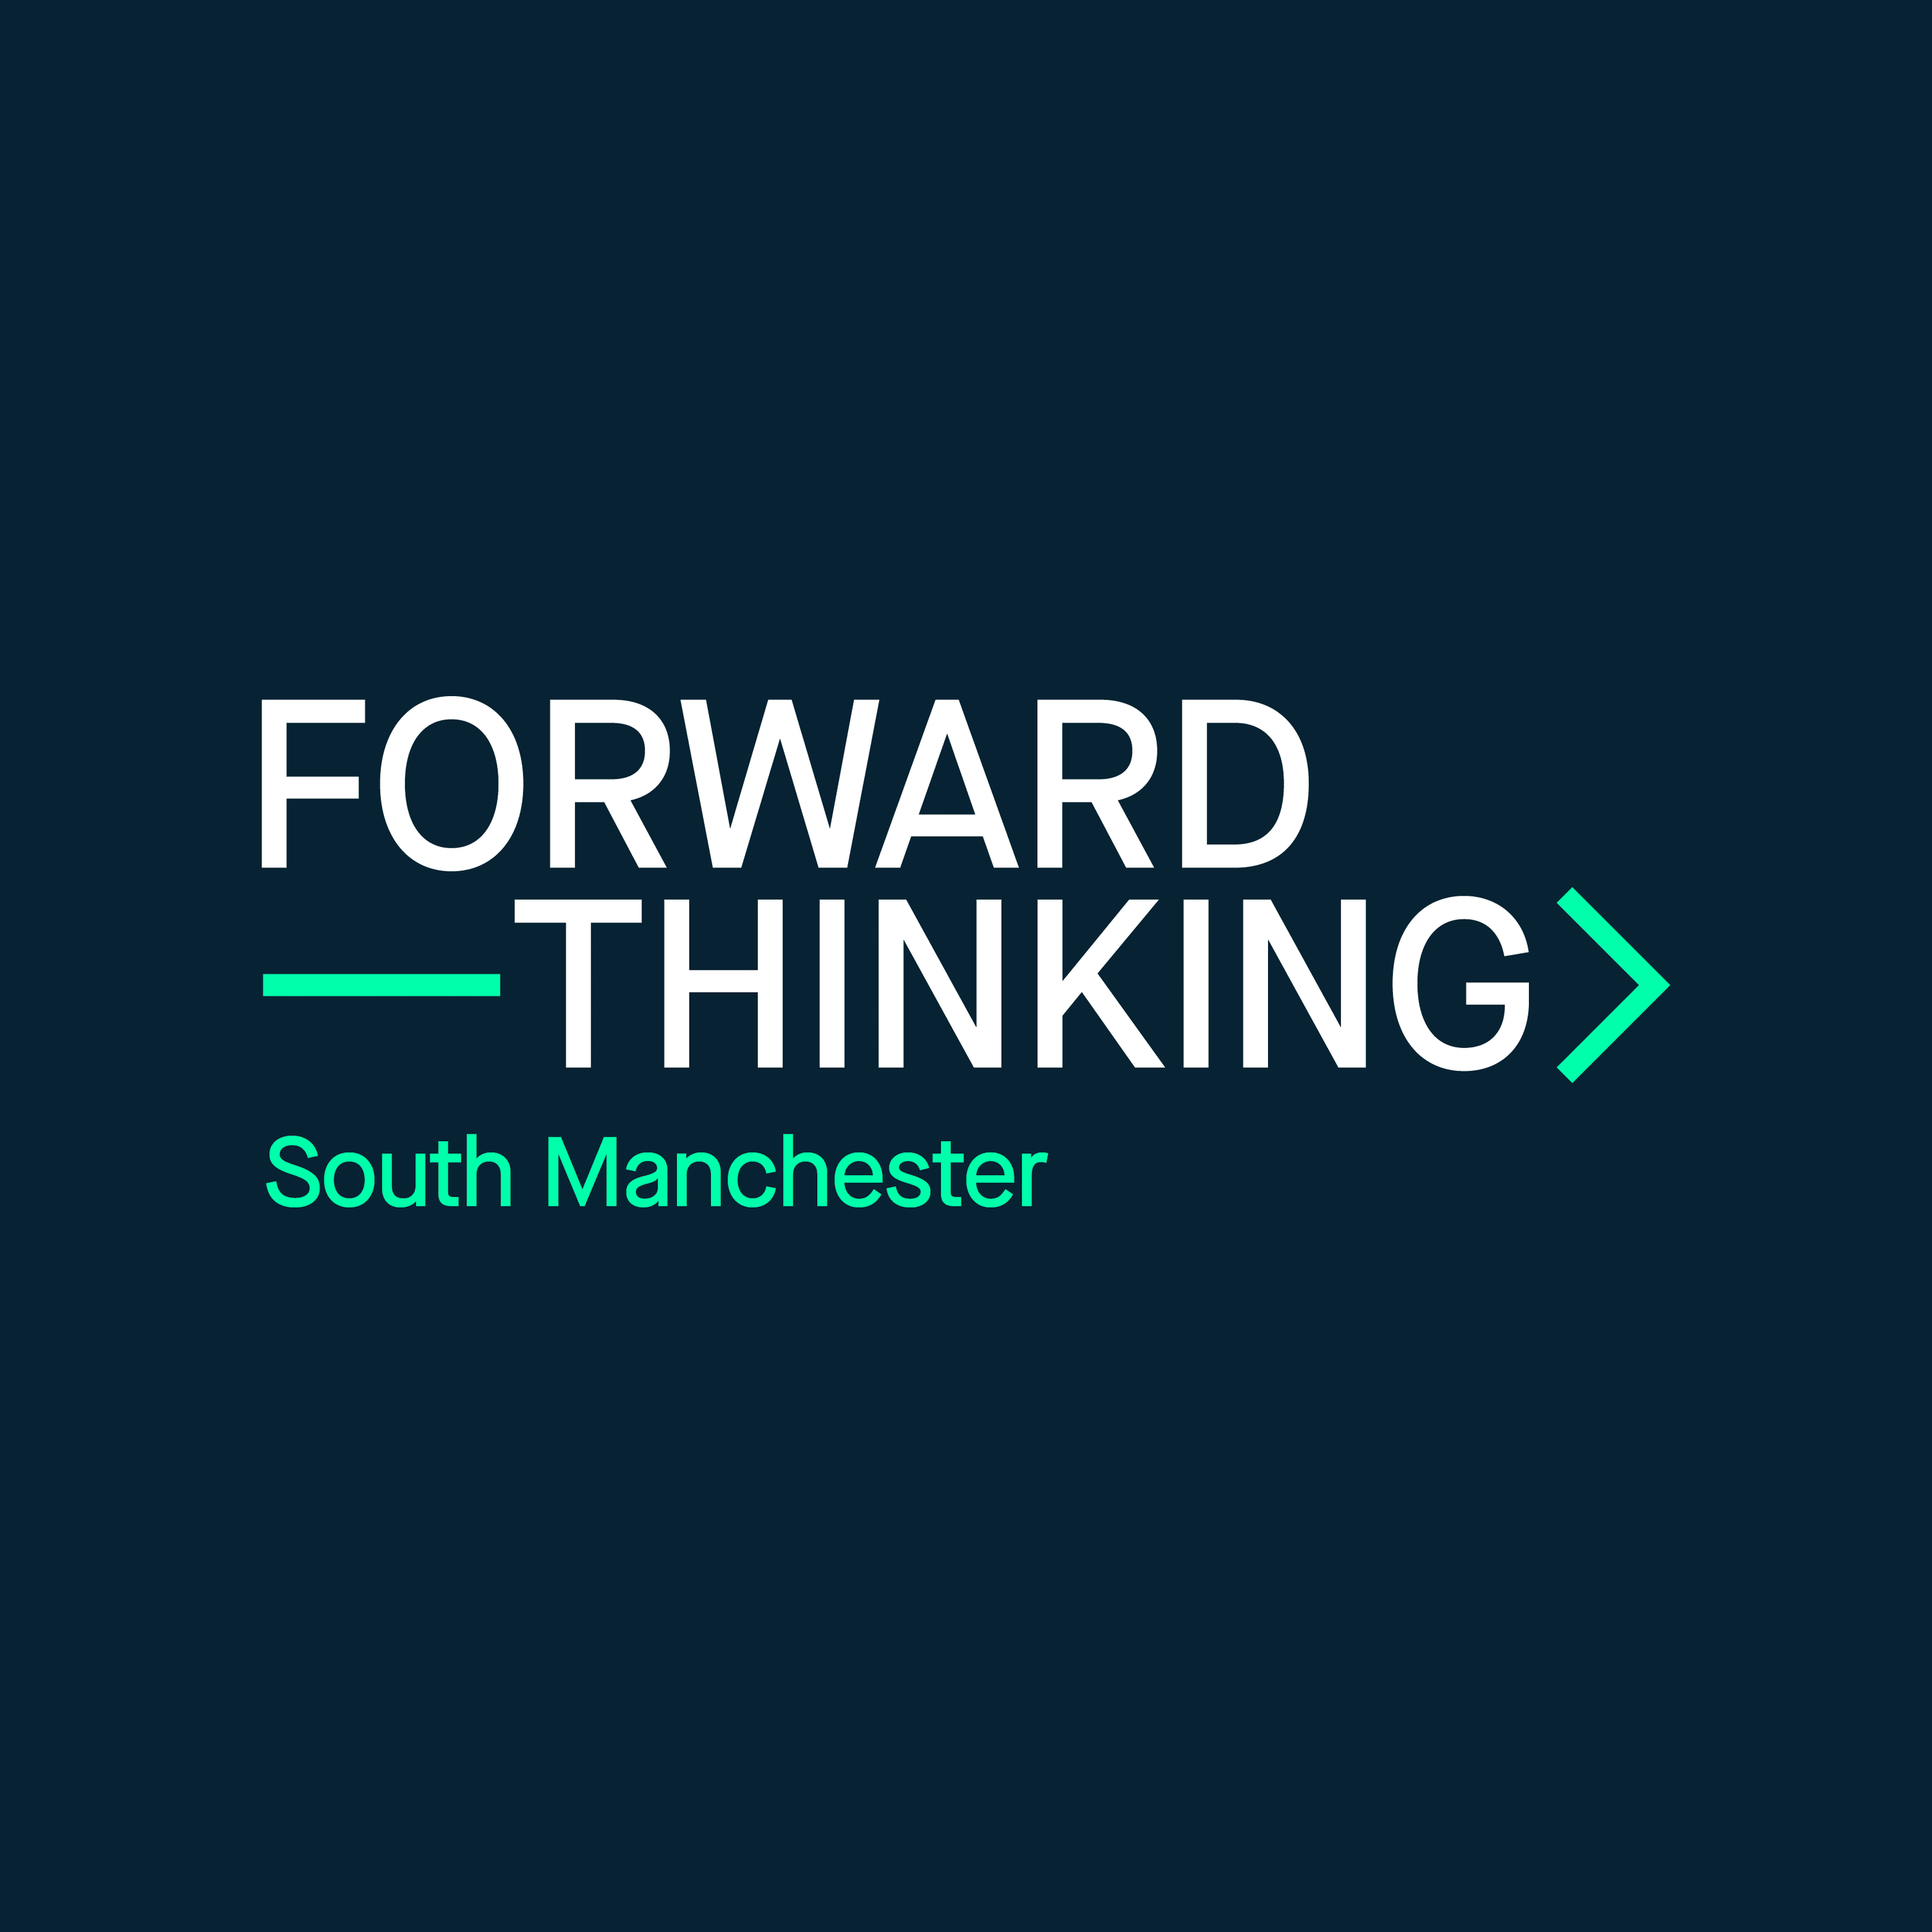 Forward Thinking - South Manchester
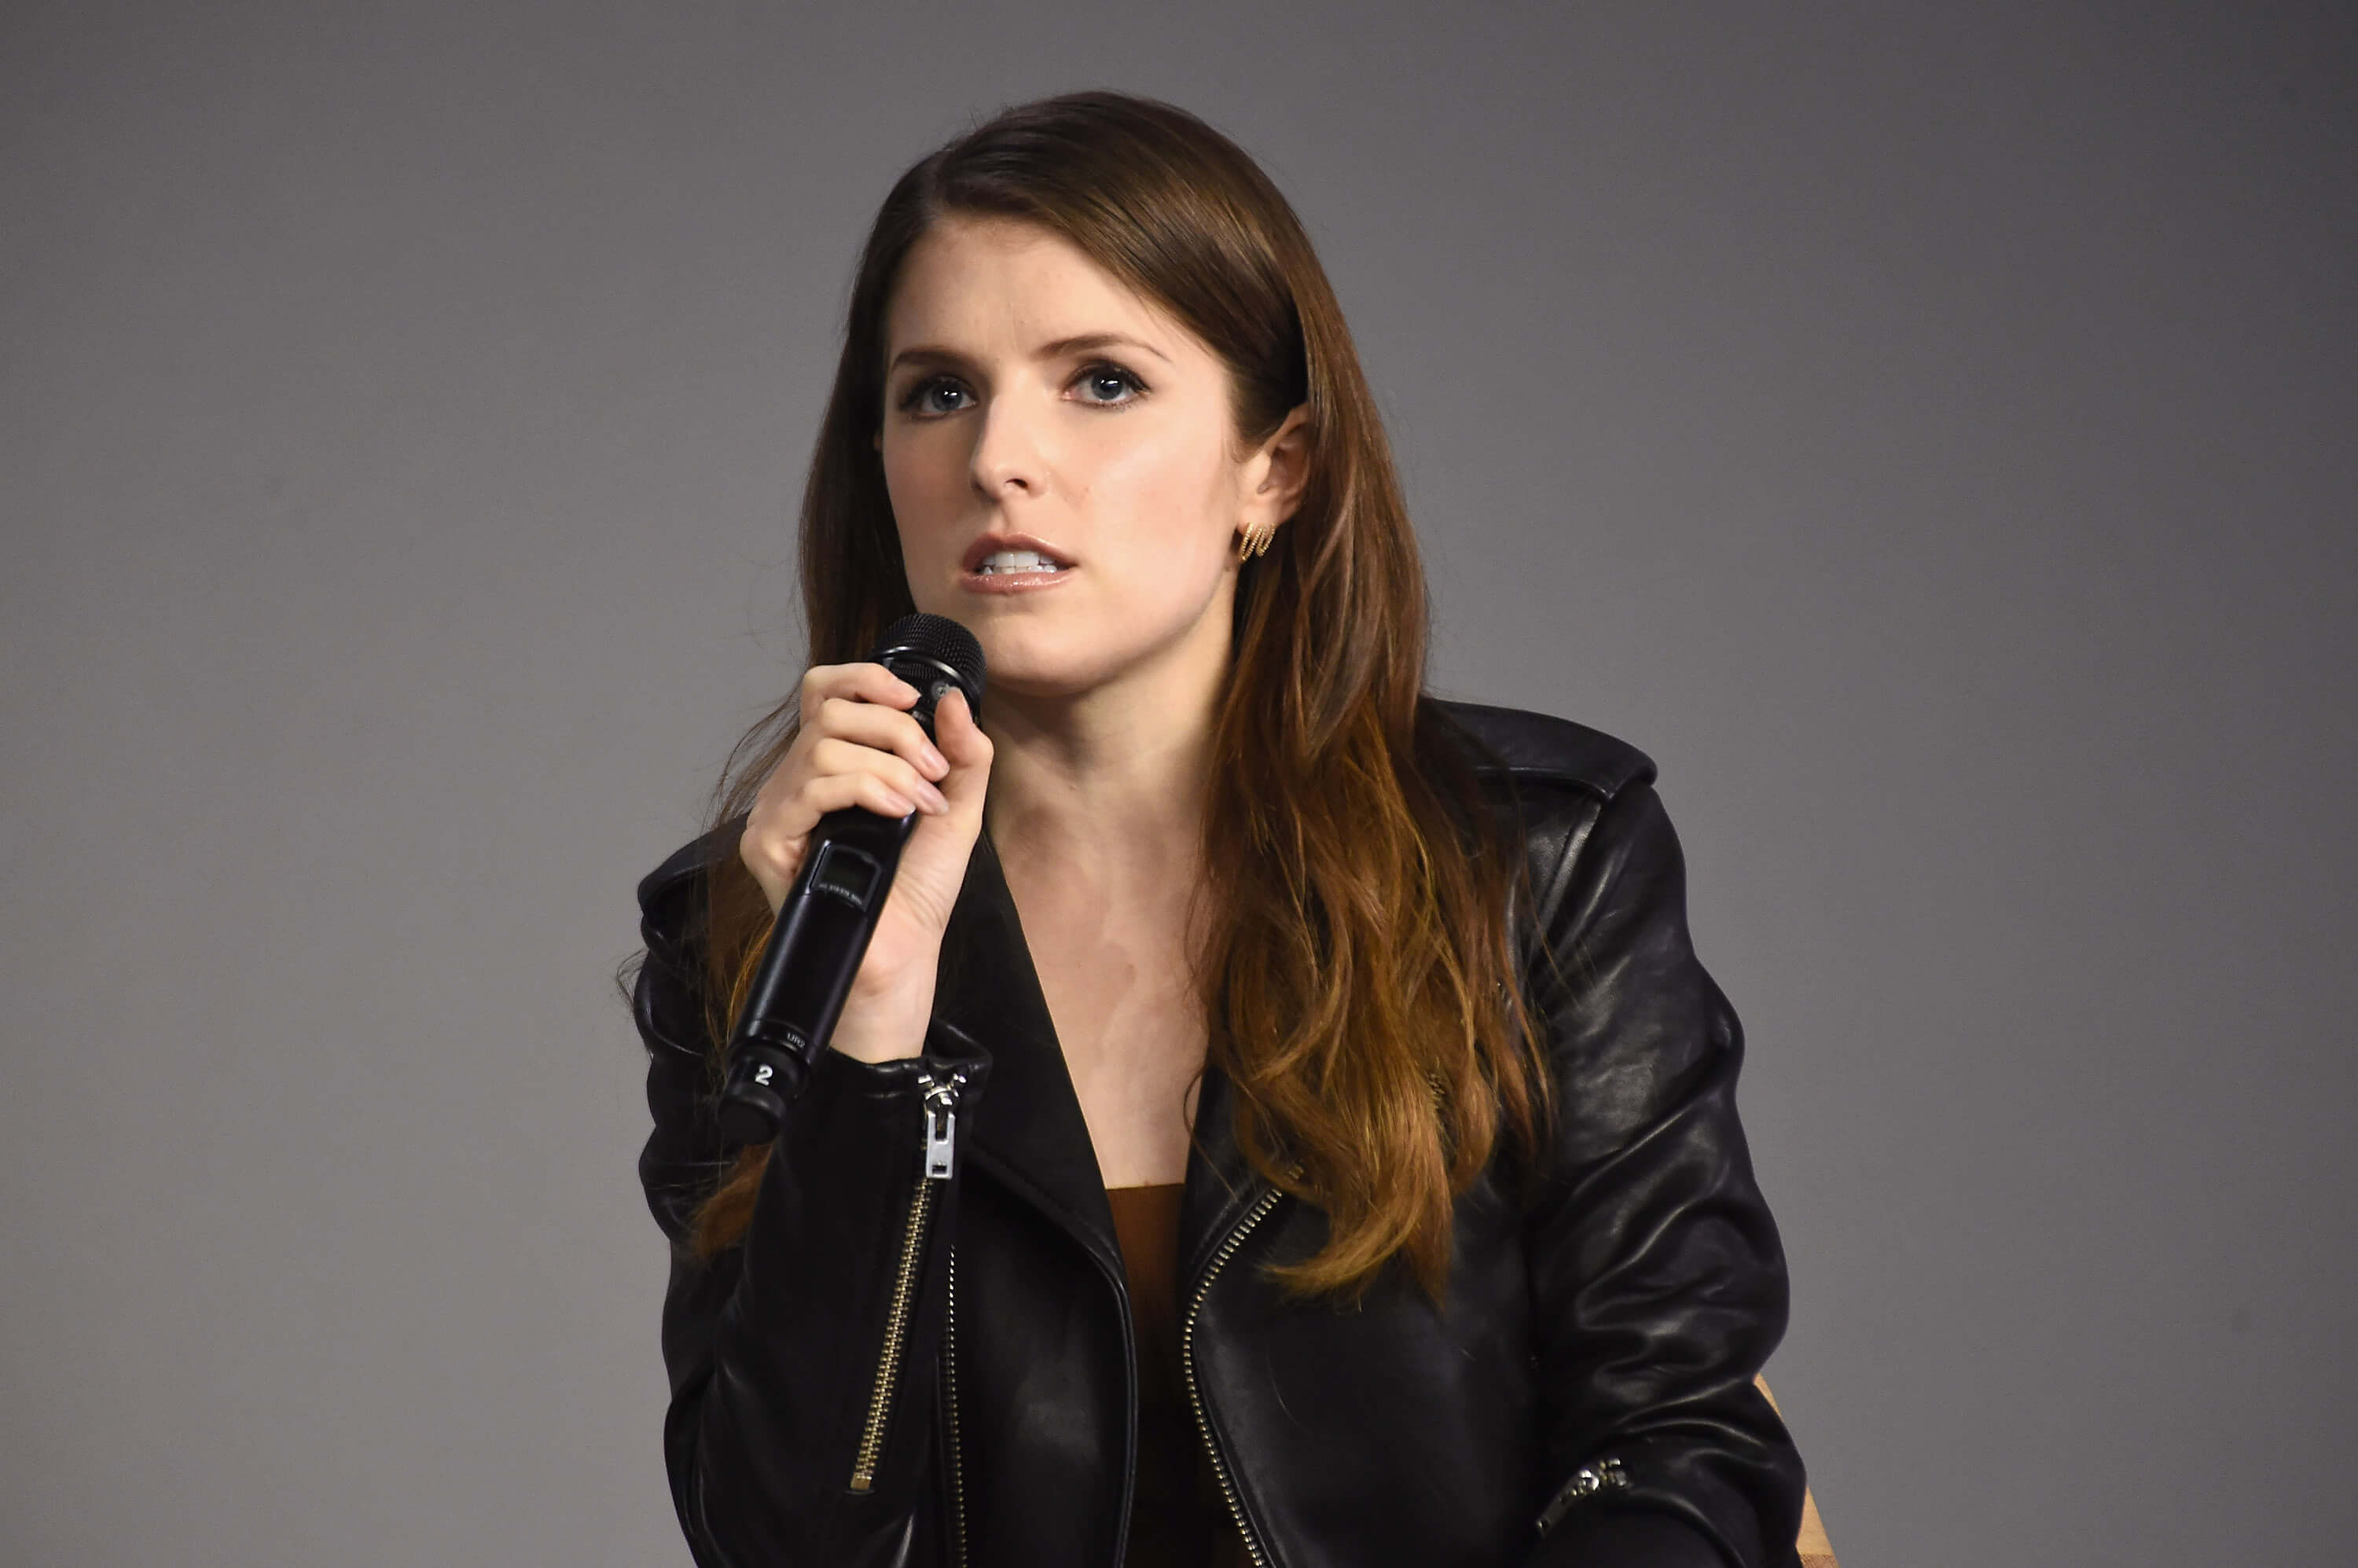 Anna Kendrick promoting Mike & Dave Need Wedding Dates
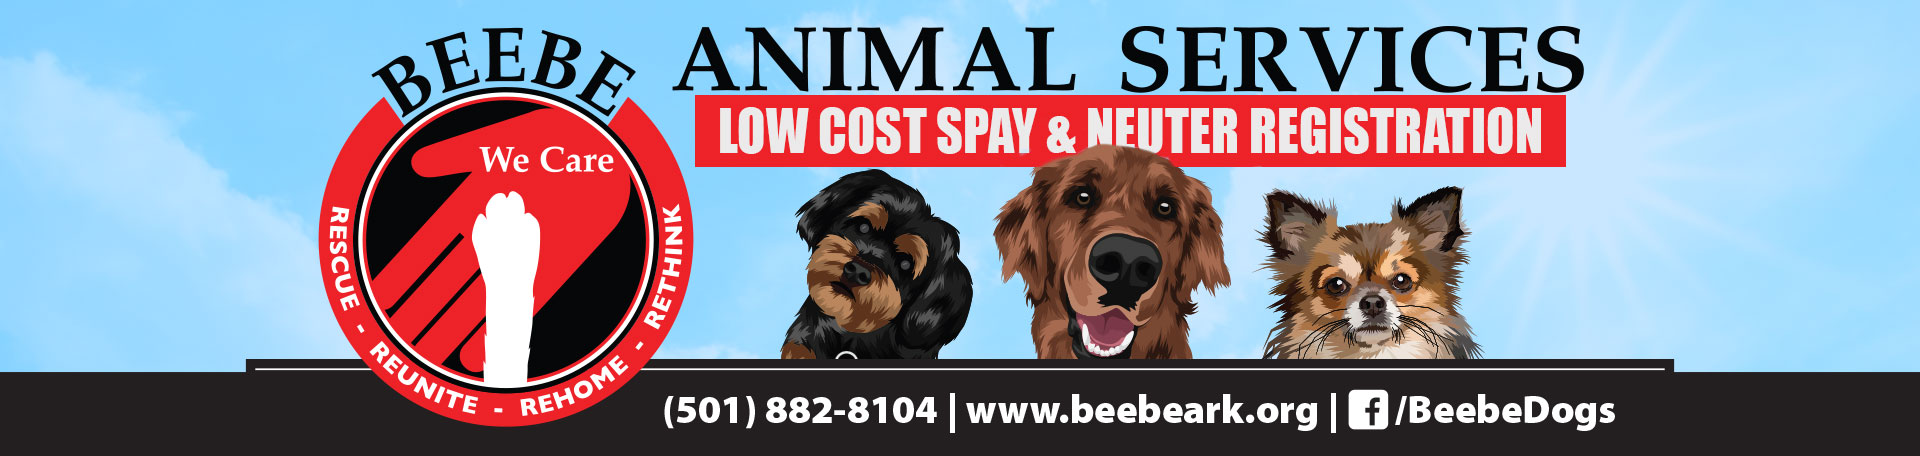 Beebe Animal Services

- [Task details]:
Skip all pictures. Then give again, exactly, each line from the line holding "Anna Kendrick promoting" through the last line of the listing above, both ends included.

- [Solution for this problem]:
 Anna Kendrick promoting Mike & Dave Need Wedding Dates
 Beebe Animal Services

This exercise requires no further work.